▸ What you have to do:
Pictures are to be dropped. Everything else in the listing gets copied exactly.

▸ Raw data:
■ ■ ■ ■ ■

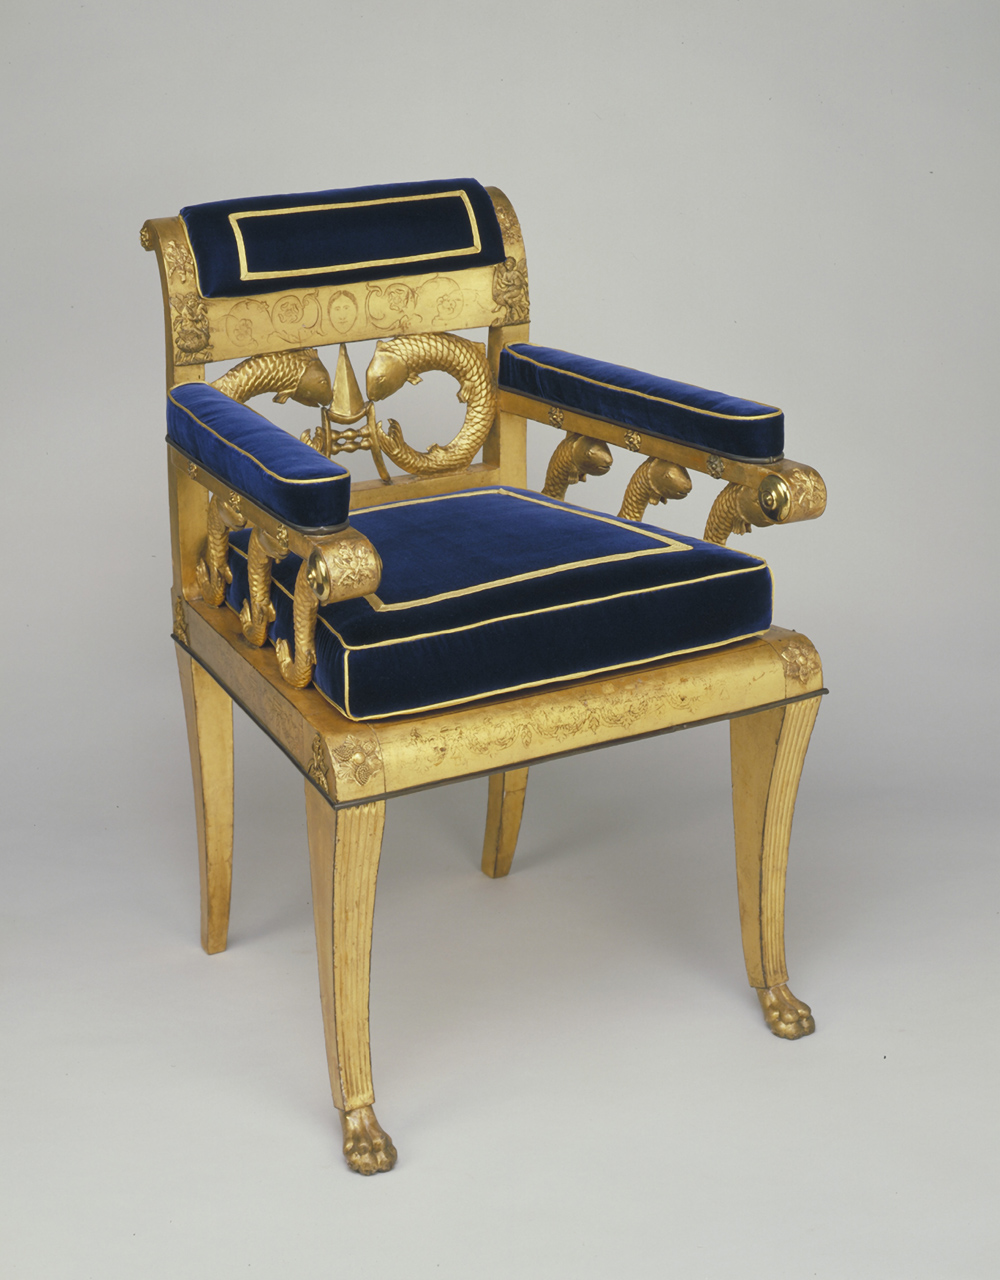 v&a dundee Throne chair
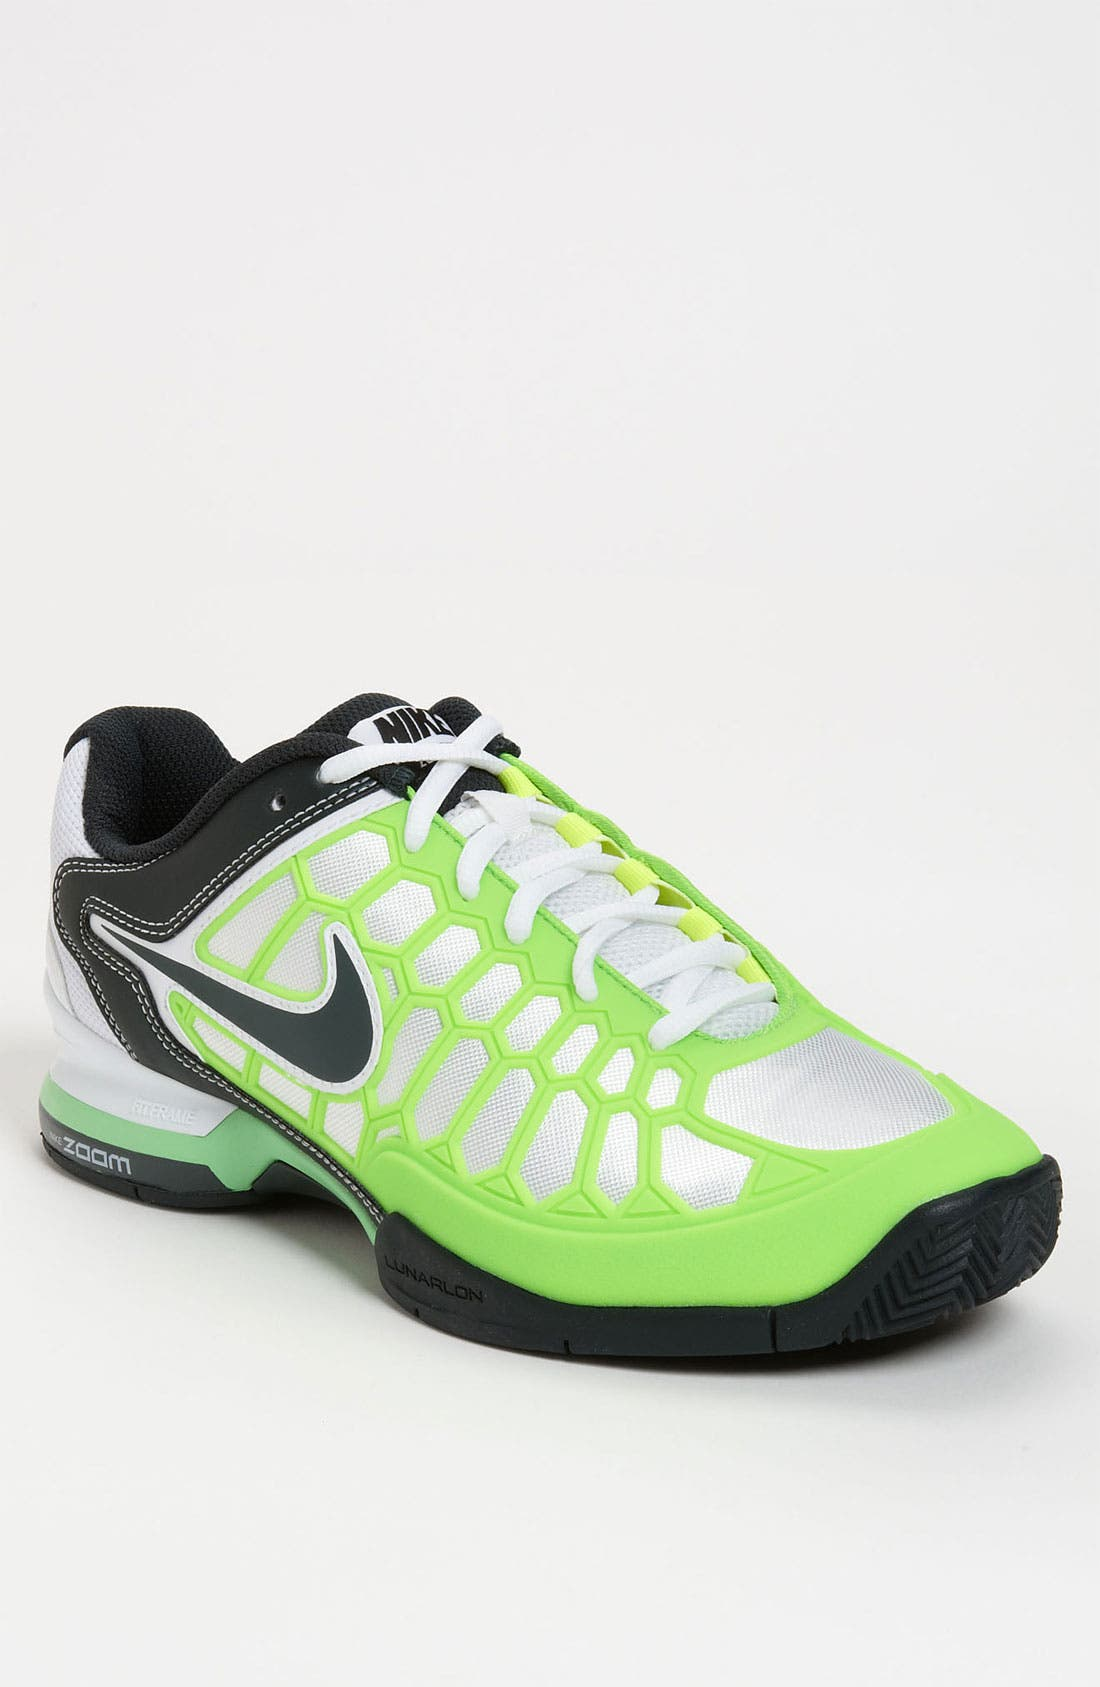 Alternate Image 1 Selected - Nike 'Zoom Breathe 2K12' Tennis Shoe (Men)
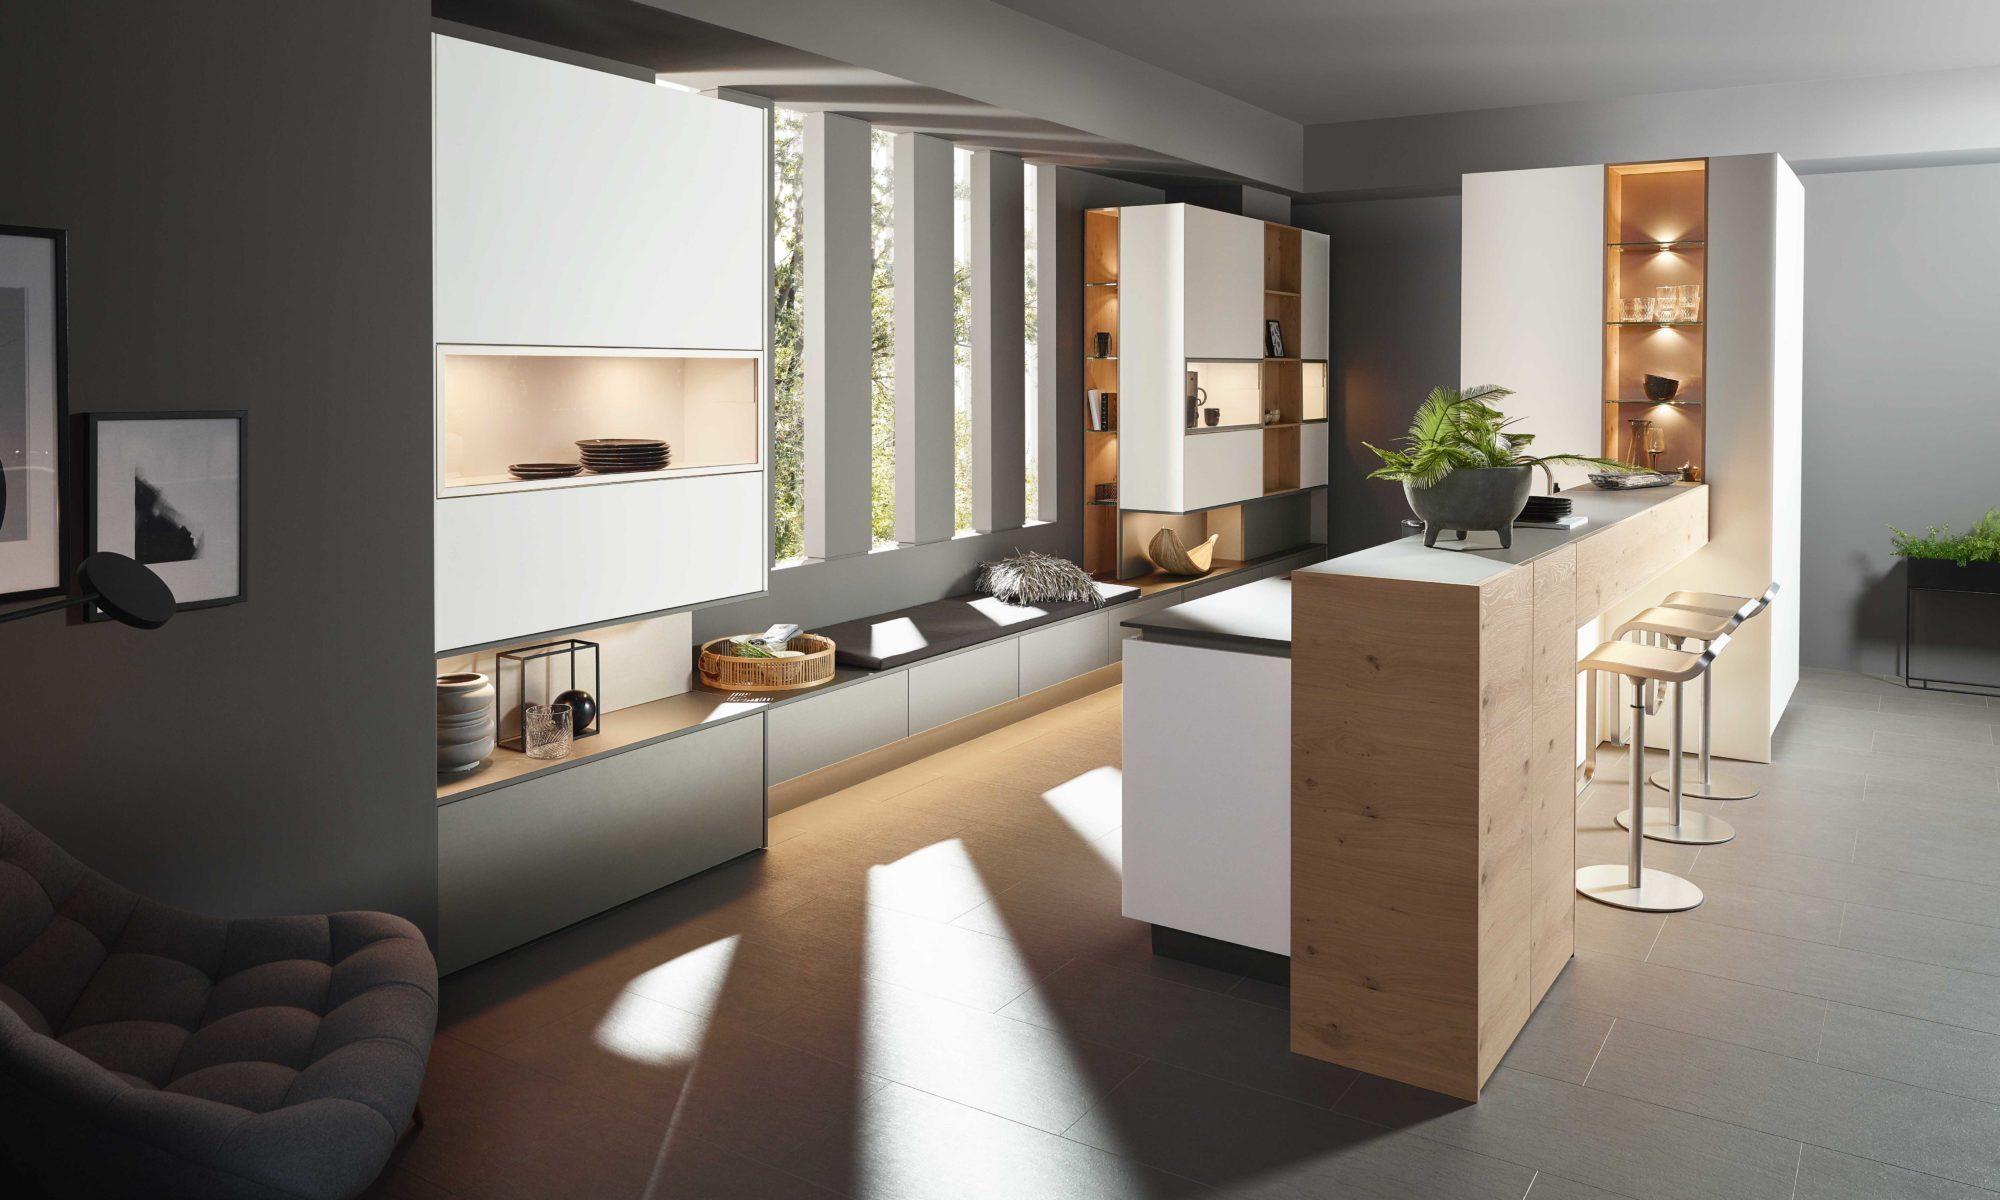 Sachsen Küchen, Adina, Felina, Franka, Holz, Design, grau, modern,

■ ■ ■ ■ ■

▸ Task answer:
 v&a dundee Throne chair
 Alternate Image 1 Selected - Nike 'Zoom Breathe 2K12' Tennis Shoe (Men)
 Sachsen Küchen, Adina, Felina, Franka, Holz, Design, grau, modern,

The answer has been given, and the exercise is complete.